Fig 12- Global wealth distribution.

In terms of percentages, we observe that 57% of the world population owns just 2% of the world’s total wealth, and 32% of the population owns 15% of the world’s overall wealth. In contrast, the top 10% of the world’s population owns 39% of its wealth, and the top 1% owns 44% of the world’s wealth. That’s how skewed wealth distribution is in the world.


Fig 13- Top 15 countries own 85% of the total global wealth.

Let’s also look at how wealth is distributed across countries. With the global wealth standing at $360 trillion, we observe that the US and China own $105 Trillion and $63.38 trillion of the overall global wealth, respectively — which is more than the collective wealth of the bottom 185 countries in the world. By themselves, the top 15 countries own approximately $304 (85%) trillion out of the total $360 trillion. Again, we see a clear pattern — the world’s wealth is bottled at the top end of the pyramid. 

Now let’s zoom in and look at wealth distribution in the fastest-growing major economy globally, i.e., India, and the wealthiest nation in the world, i.e., the US. 

Suppose we scale down India’s entire population (1.3 billion) to 1,000 people and its total wealth ($12.6 Trillion) to $10,000. In that case, we see that 500 people hold an average wealth per person of $0.56 (cents), 400 people have an average wealth of $5.75/person, and the top 100  people possess an average wealth of $74.3/person.


Fig 14- Wealth distribution in India.

In terms of percentages, the country’s bottom 50% of people own just 2.8% of the total wealth, 40% of people own 23% of the total wealth, and the top 10% own 74.3% of the overall wealth. Here too, the pattern is undeniable: The richest few possess most of India’s wealth. 

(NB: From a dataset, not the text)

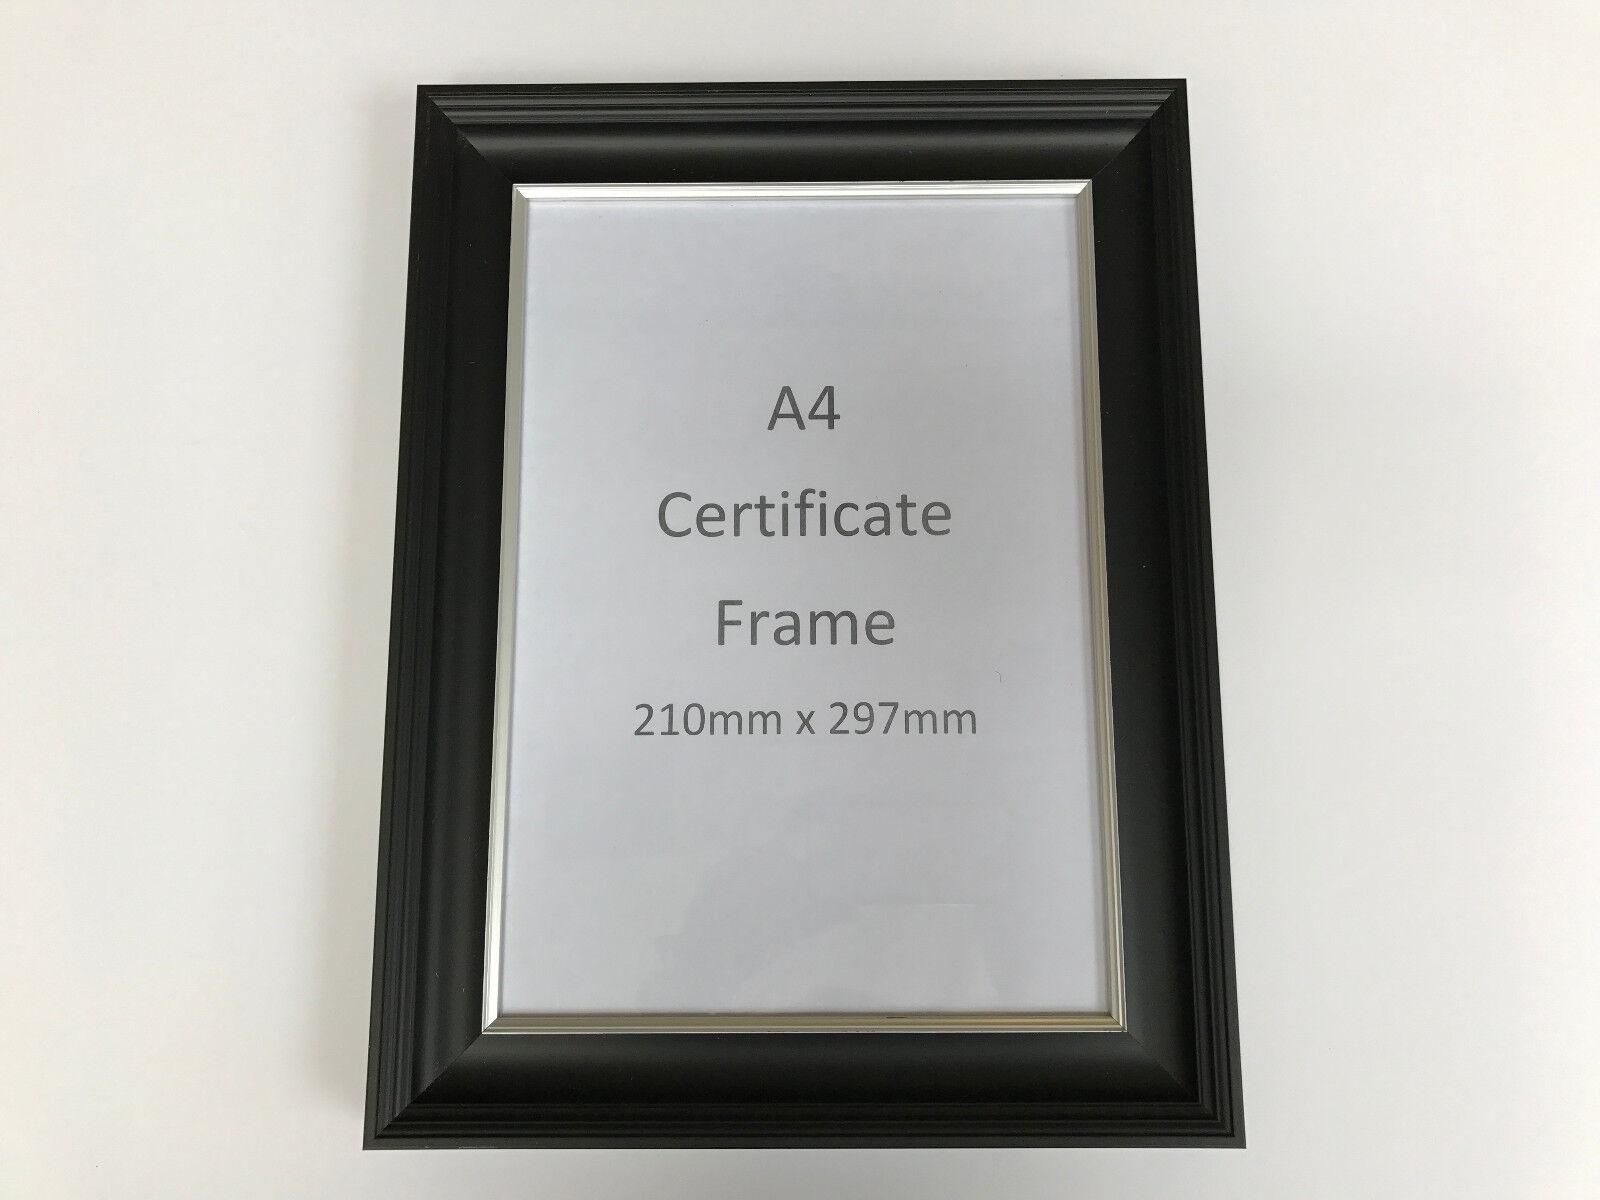 Moderne 37 mm NOIR & ARGENT PHOTO/cadre Tailles photo-Divers Tailles PHOTO/cadre Disponibles 3a83a4

One would assume that the demon of inequality would spare the world’s most prosperous nation that owns almost one-third of global wealth, but if anything, wealth inequality is worse in the US. When we scale down the US’s total wealth ($105 Trillion) to $10,000 and the population (327 million) to 1,000 people, we find the same trends of wealth inequality. The top 100 Americans hold an average wealth of $69 per person, 400 Americans have an average wealth of $7.25, and the poorest 500 Americans possess an average wealth of $0.40 (cents) per person. In other words, the bottom 50% of the country’s population owns just 2% of its wealth, 40% of people own 29% of the total wealth, and the top 10% owns 69% of the country’s total wealth. 


Fig 15- Wealth distribution in the USA.


The data reveals a grim reality: the rich are getting disproportionately wealthier, and the poor are getting relatively poorer. To decrease this widening gap between the rich and the poor, capitalism and the free enterprise system must work to address the inequality problem. In the current world scenario, inequality is the legacy of systematic oppression embedded in society through patriarchy, gaps in access to technology, racism, colonialism, and many other forms of injustices. These socio-economic structures perpetuate a lack of access to opportunities for the people at the bottom of the income pyramid. In such a world, there are bound to be social, political, racial, and gender injustices.